Summary
This strategy, published on behalf of the National Quality Board, provides a new structured approach to making quality the organising principle for all NHS activity in England over the next decade. Its purpose is to ensure people receive high‑quality care consistently across all NHS-funded services. By doing so, it aims to:
- improve health outcomes
- improve patient satisfaction with NHS services
- reduce health inequalities.
It applies system-wide, guiding national bodies, NHS leaders, the wider healthcare workforce and partners whose actions influence the quality of care in local communities.
Content
The Strategy uses a definition of high-quality care based on the three core domains of quality:
- Safety: reducing the risk of unintended or unexpected harm to patients arising from the provision of healthcare.
- Effectiveness : delivering evidence-based care that optimises the outcomes that matter to people using services.
- Experience: co-ordinated, compassionate and responsive care, delivered by staff who are skilled, supported and able to do their job well.
It focuses on improving performance across all three of these domains.

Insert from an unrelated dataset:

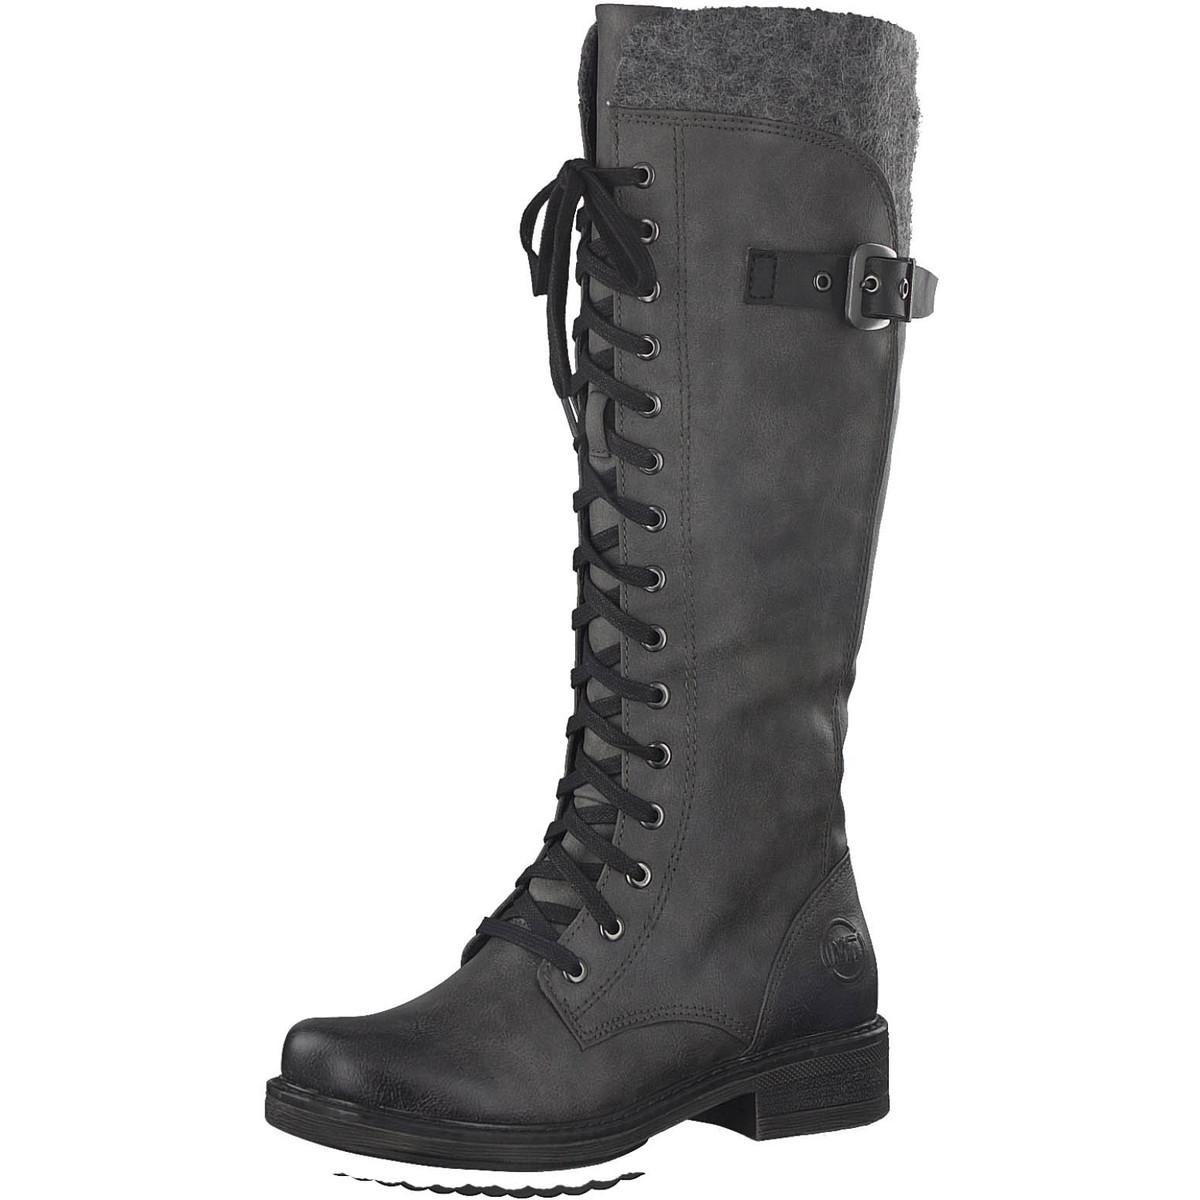 Marco Tozzi Meto Lacetop 26219 21 226 226 226 Dark Grau knee high Stiefel 1543e7

Key priorities identified by the strategy
The Strategy sets initial focus on where clear standards and the application of proven approaches will deliver the greatest improvements in outcomes, equity and value, based on current evidence. It notes that these priorities are not static, stating that as progress is made and as risks, outcomes and population needs change, priorities will be reviewed and updated.
- Improving outcomes and reducing variation.
- Making sustained improvements in maternity and neonatal services.
- Maintaining patient safety across all settings.
- Improving experience of care and restoring trust.
- Reducing inequalities across all three quality domains.
- Monitoring clinical and population health outcomes,
Drawing on the 10‑Year Health Plan and the Dash Review, this strategy sets out ten enablers that support quality improvement across the whole healthcare system:
- Clarifying who is responsible and accountable for quality at every level of the healthcare system.
- Setting clear priorities to improve the quality of care while adopting a transparent, co-ordinated and value-based approach.
- Strengthening leadership and management capability to create the right culture and conditions for improvement.
- Listening to and working with people and communities on what matters to them.
- Using data to manage quality, inform decisions and support accountability at all levels.
- Increasing transparency, making the NHS the world’s leading healthcare system for public access to information on care quality.
- Developing and embedding technology to underpin quality management and improvement.
- Aligning incentives and rewards with accessible, high-quality and productive care.
- Promoting innovation and research to support continuous improvement in both clinical care and how the NHS operates.
- Creating a more co-ordinated and improvement-focused approach to regulation.